Jack left school in the summer of 1935 at the age of 14. He still had the reference given to him by the Headmaster, Mr Mander. It is dated 1st August 1935 and reads as follows:-
“John Crawley leaves the above school today after completing two terms in the highest class. He has shown himself a good all-round scholar but in all branches of drawing and art he has displayed exceptional ability. His behaviour and general bearing have always been exemplary and he has been very regular, punctual and diligent.”
After leaving school, with such a ringing endorsement, Jack joined Commer Cars as an apprentice and then later a draughtsman and illustrator.
A Stubborn Streak
When war broke out in 1939, his father Len was relieved Jack was in a reserved occupation. In early 1940, Jack tried to join the RAF but since he worked in a war industry, Commer refused to release him. Jack had a stubborn streak so he engaged in a war of his own with Commer to make himself un-reserved. Eventually, they relented and agreed to release him. Unknown to his mum and dad he again applied to join the RAF and was sent to an assessment centre. His dad hit the roof, as he would have known of the dreadful casualty rate amongst young aircrew and thought Jack was absolutely mad to give up his safe reserved job.
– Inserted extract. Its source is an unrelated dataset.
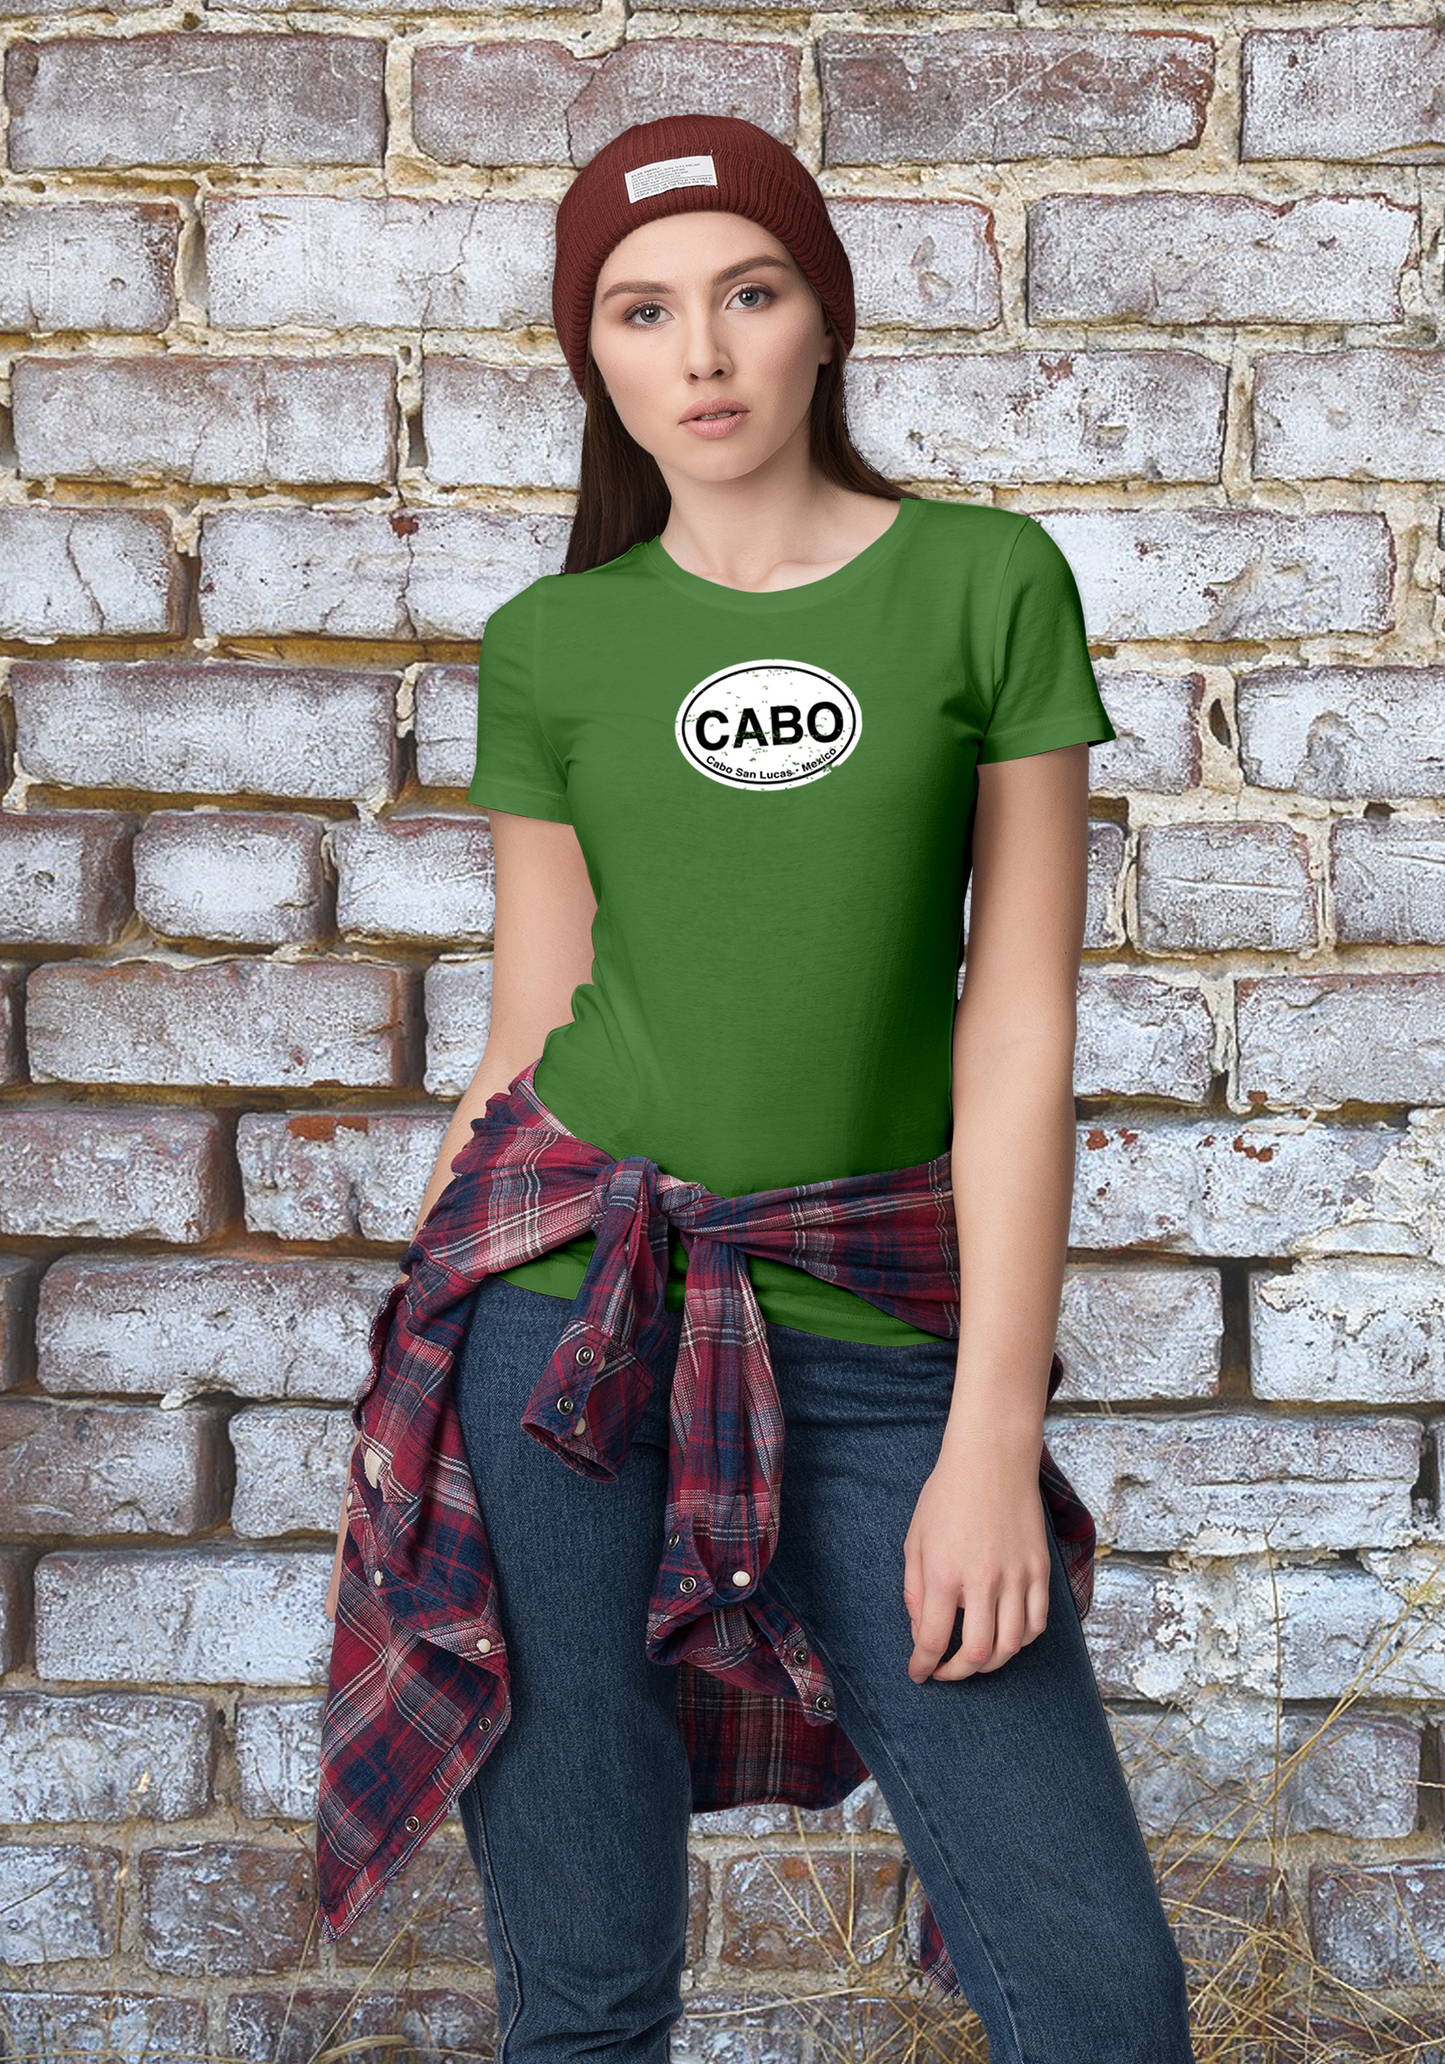 Cabo Women's Classic T-Shirt Souvenirs - My Destination Location

However, Jack passed his assessment centre and he later went to Worcester to train in Tiger Moths. Having accomplished this phase, he was sent to Canada for further training in December 1942. His trip across the Atlantic was not without incident.
Shortly after a period of little real activity, they all headed by train to Ponca City, Oklahoma. There he flew Stearmans and Harvards.
During his time at Ponca City he spent many hours practising night flights at very low altitude, clearly a pre-cursor for his activities on his return to the UK in January 1944. There is a mysterious 8 months gap no doubt putting into practice all that he learnt about night flying at low altitude. Hedge hopping as he called it. This was a period of his life that he rarely talked about. He then resumes after D Day flying Oxfords, Hurricanes, Mustangs and Spitfires – both Mark IX as well as Mark XVIs.
One of his highlights after the war ended was to take one of the Mark XVI Spitfires up to Church Fenton in Yorkshire and wring it out for the crowds at the Battle of Britain air display, putting on a marvellous aerobatic display. The day job at this point consisted weather tests at 30,000 feet in the Spits and also test work for the new airport that was later to become Heathrow.
He later joined 245 Squadron, based at Colerne, as a Meteor Jet test pilot, as part of the RAFs first Jet Fighter Wing. He was demobbed in 1946 and returned to Civvy Street and picked up where he left off at Commer Cars as an illustrator. A disappearing skill today and with the advent of computers and CAD. We will not see such skills as Jack possessed again.
He moved from Commer Cars in 1949, when he joined Percival, at Luton Airport. Whilst at Percival, he made many friends he remained in contact until the very end.
In 1952, he moved to Temple Press until 1957 at which point he became freelance and never looked back. He was every small boys hero (and some girls too) for being an ex-RAF pilot but also a keen motorcyclist. He was also something of a mystery as he used to work from his studio upstairs in Ash Road and was never to be disturbed, according to his mother. Nobody told Jack that so he was always surprised that someone was there if he came downstairs. He would always ask, “Why did nobody tell me you were here?”
Jack moved his father and mother along with himself to Flitton in Spring 1963 to his much loved Manor Cottage here in Brook Lane. Thus providing further opportunities to make many more new friends. He thoroughly enjoyed regular visits to the Moor to observe; sketch and paint in all weathers come rain or shine.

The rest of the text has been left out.